▶ **Directions for this task**:
Could the lines from the start of the data through the line with "Počet identifikovaných proteínov v" be set down exactly, with no pictures among them?

▶ **Supplied material**:
:::::
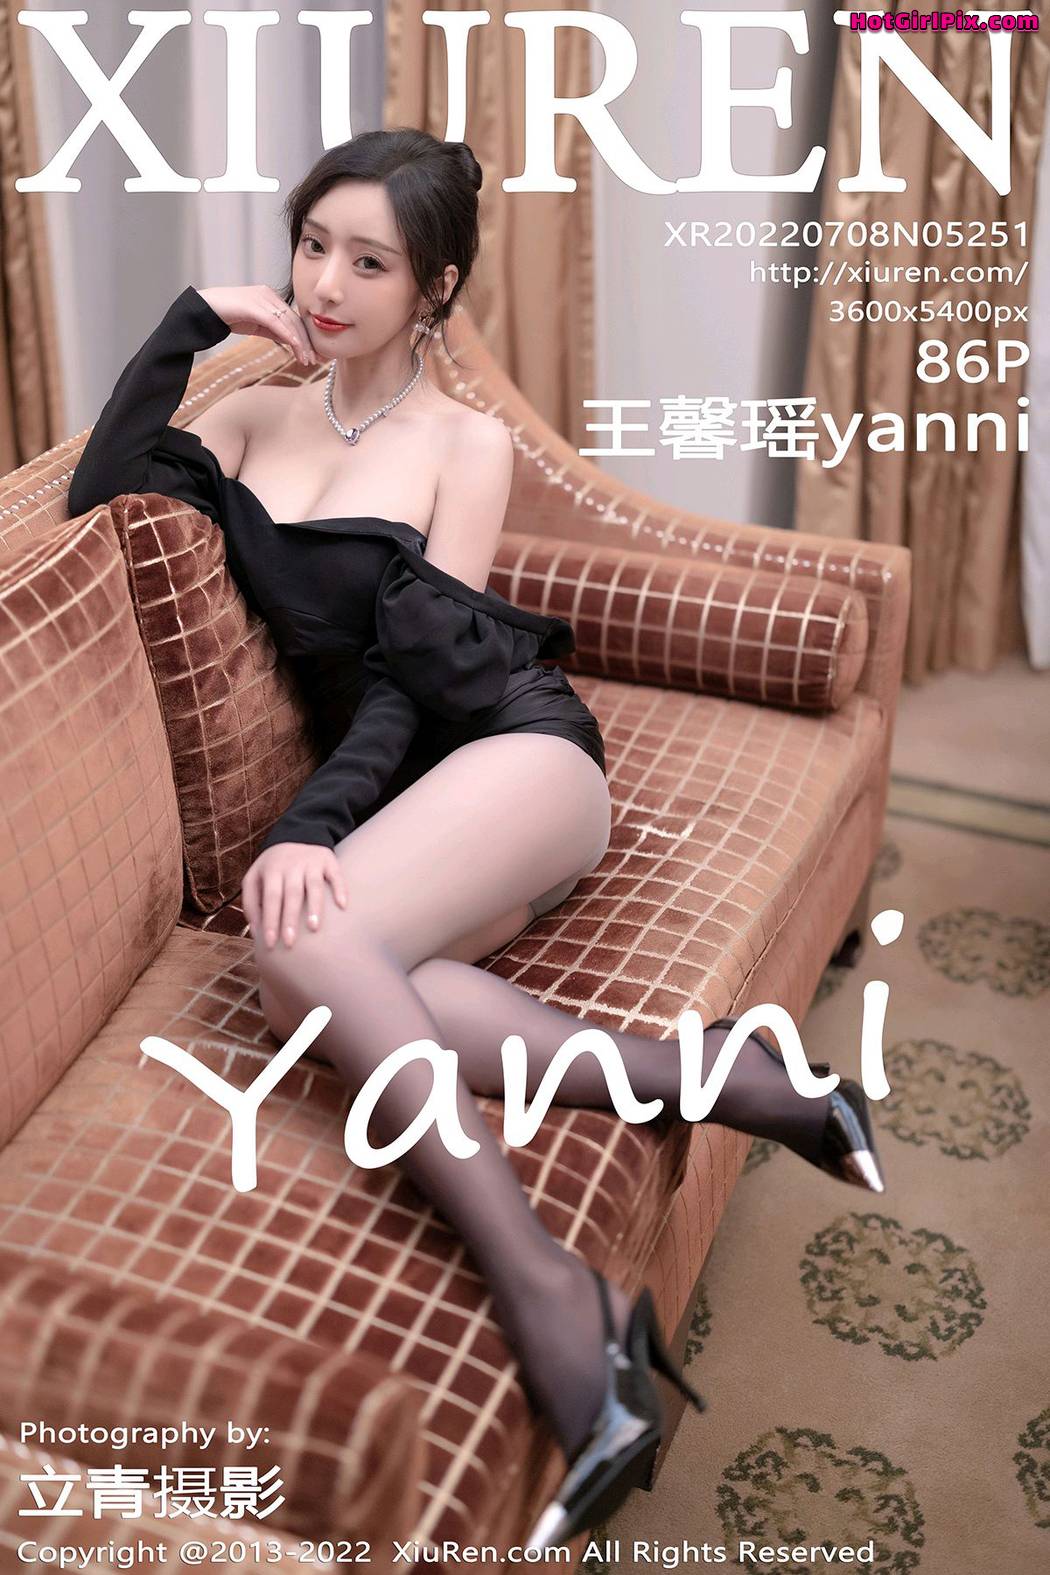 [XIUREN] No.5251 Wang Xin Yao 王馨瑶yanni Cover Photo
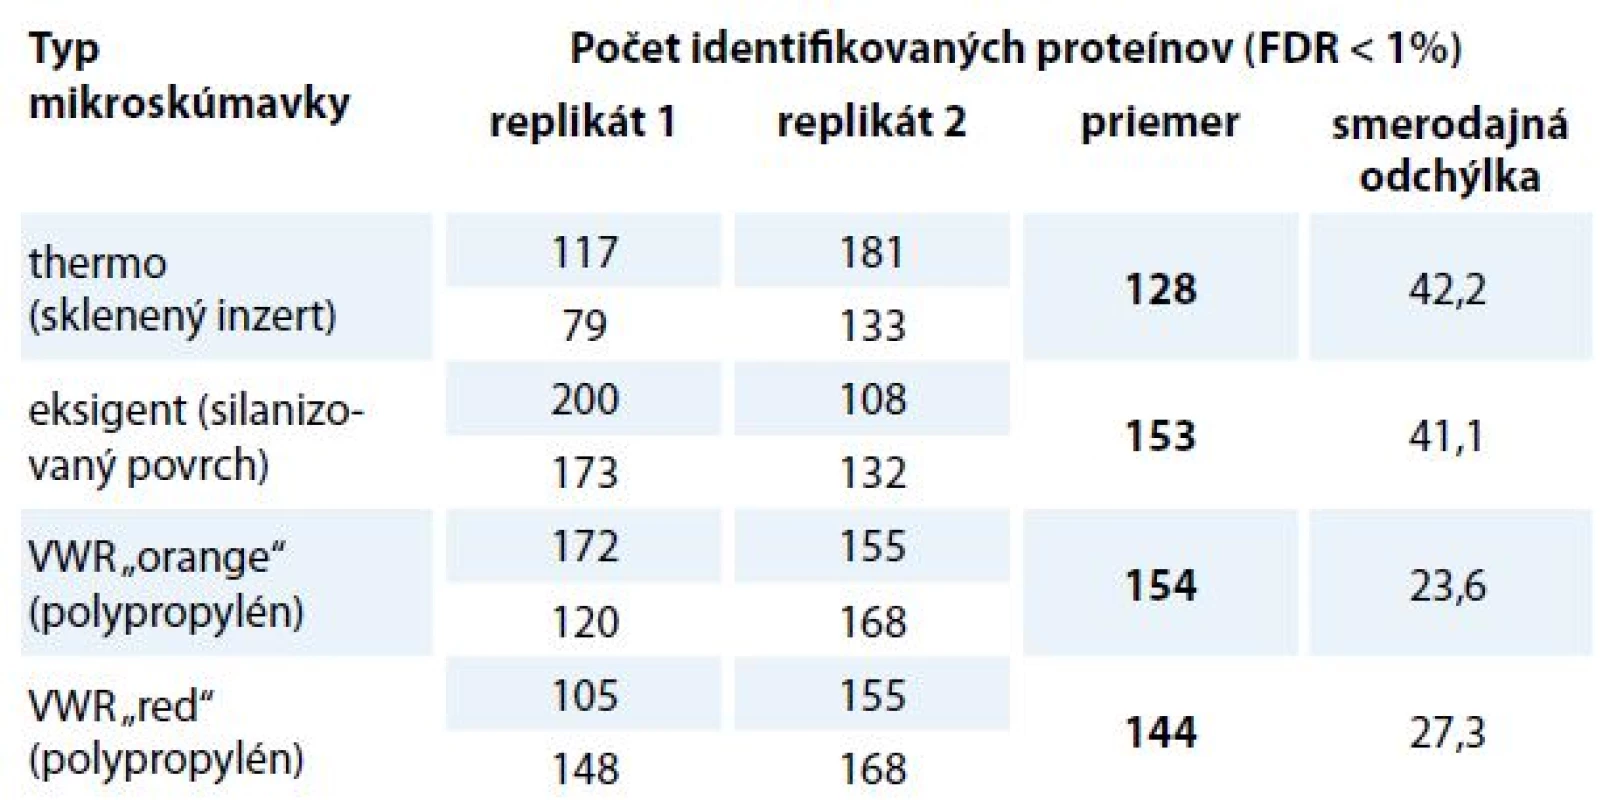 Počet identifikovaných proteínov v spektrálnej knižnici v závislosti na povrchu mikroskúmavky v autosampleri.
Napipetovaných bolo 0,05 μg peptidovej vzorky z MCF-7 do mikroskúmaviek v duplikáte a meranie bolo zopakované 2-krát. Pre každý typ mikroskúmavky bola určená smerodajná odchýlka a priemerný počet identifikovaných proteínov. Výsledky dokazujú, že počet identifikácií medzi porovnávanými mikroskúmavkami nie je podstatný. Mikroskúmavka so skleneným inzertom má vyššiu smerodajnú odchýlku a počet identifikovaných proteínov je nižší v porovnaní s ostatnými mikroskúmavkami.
:::::
▶ **Exercise result**:
 [XIUREN] No.5251 Wang Xin Yao 王馨瑶yanni Cover Photo
 Počet identifikovaných proteínov v spektrálnej knižnici v závislosti na povrchu mikroskúmavky v autosampleri.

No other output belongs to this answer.